Radu, how's life in Vienna? Is It so much different than Bucharest?
Vienna is a wonderful city, with very high quality of life – this is recognized in all rankings. Is a city with amazing museums and places to visit and many activities for kids. The most striking difference is the rhythm of life. In Bucharest, everybody is on the rush and extremely preoccupied. Here people are much more relaxed. Second, everybody respects law and order, starting with traffic rules. Everybody. This gives you a tremendous security feeling, which we highly appreciate. Third, infrastructure is on a totally different level - public transportation, health, administrative services - all are working flawlessly.
How often do you travel to Romania?
Quite rare. We try to spend parts of the holidays in Romania, to enjoy family and reconnect with friends but we also like to discover Europe around Austria, so we come to Romania once a year or so. I am usually driving and each time I observe the difference in infrastructure: from Vienna to Romanian border, 450 km, round 4 hours. From to border to my Romanian destination 550 km, 9 hours if I am lucky…
What do you mostly miss about Romania?
People warmth and friendliness, friends and family - I think this is the same for most of Romanians living abroad. On the second place - wines. I do not miss food, as I enjoy Austrian one and I am myself quite a good cook, but I have to say local wines are not my favorites. Whenever I travel by car to Romania I make sure I refresh my wine provision.
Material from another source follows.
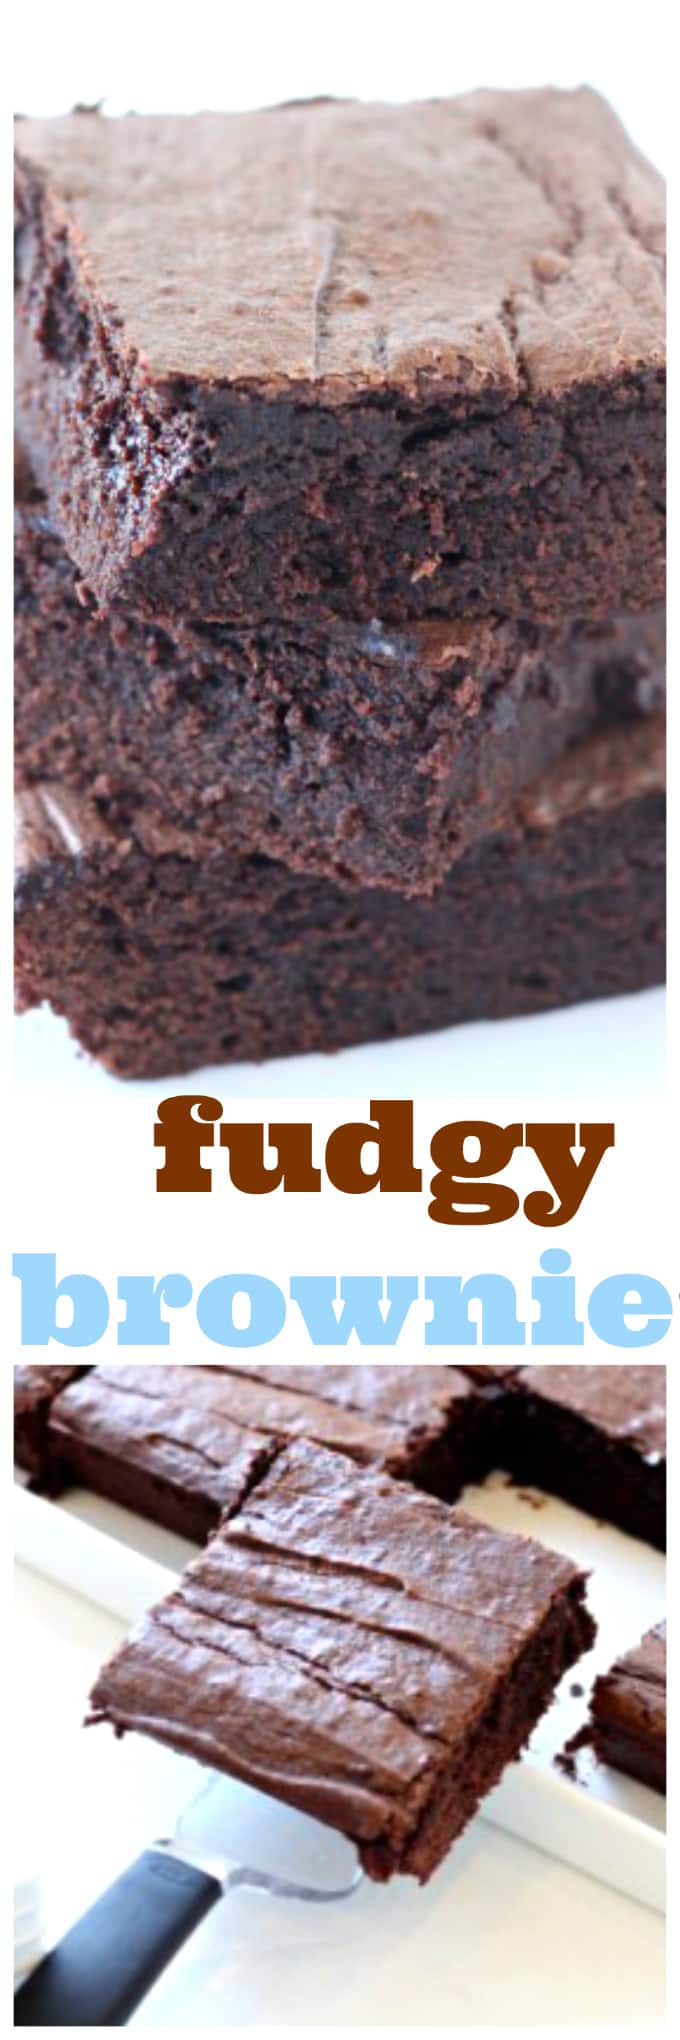 fudgy brownie recipe @createdbydiane

Do you see yourself moving back? What could convince you?
Never say never. Especially from family perspective, Romania is always an open option for me. Stars needs to align in a certain manner (interesting role, cultural fit in a new organization) and then we will see. I think of ourselves as being citizens of the world, so future is definitely holding new destinations (including Romania) for us.
Do you see any positive changes in the Romanian society recently?
I guess it depends on how you define recently ... Looking at the last 3 years (since I left) there is progress. Economic growth is a strong indicator of improvement. The part that concerns me is lack of regulatory predictability. Too many changes in legislation, with retroactive applicability. And the events from last months are making me very cautious about the future.
Please tell me something particular about Romania that you would usually say to a foreign friend.
Is a wonderful country and worth to visit. Dracula is not there (anymore) but there are plenty of interesting people and wonderful places. Taste the local food and of course the local wines.
I'll drink to that! Thank you for your time, it's a pleasure to have you on the list of Romanians I am proud of!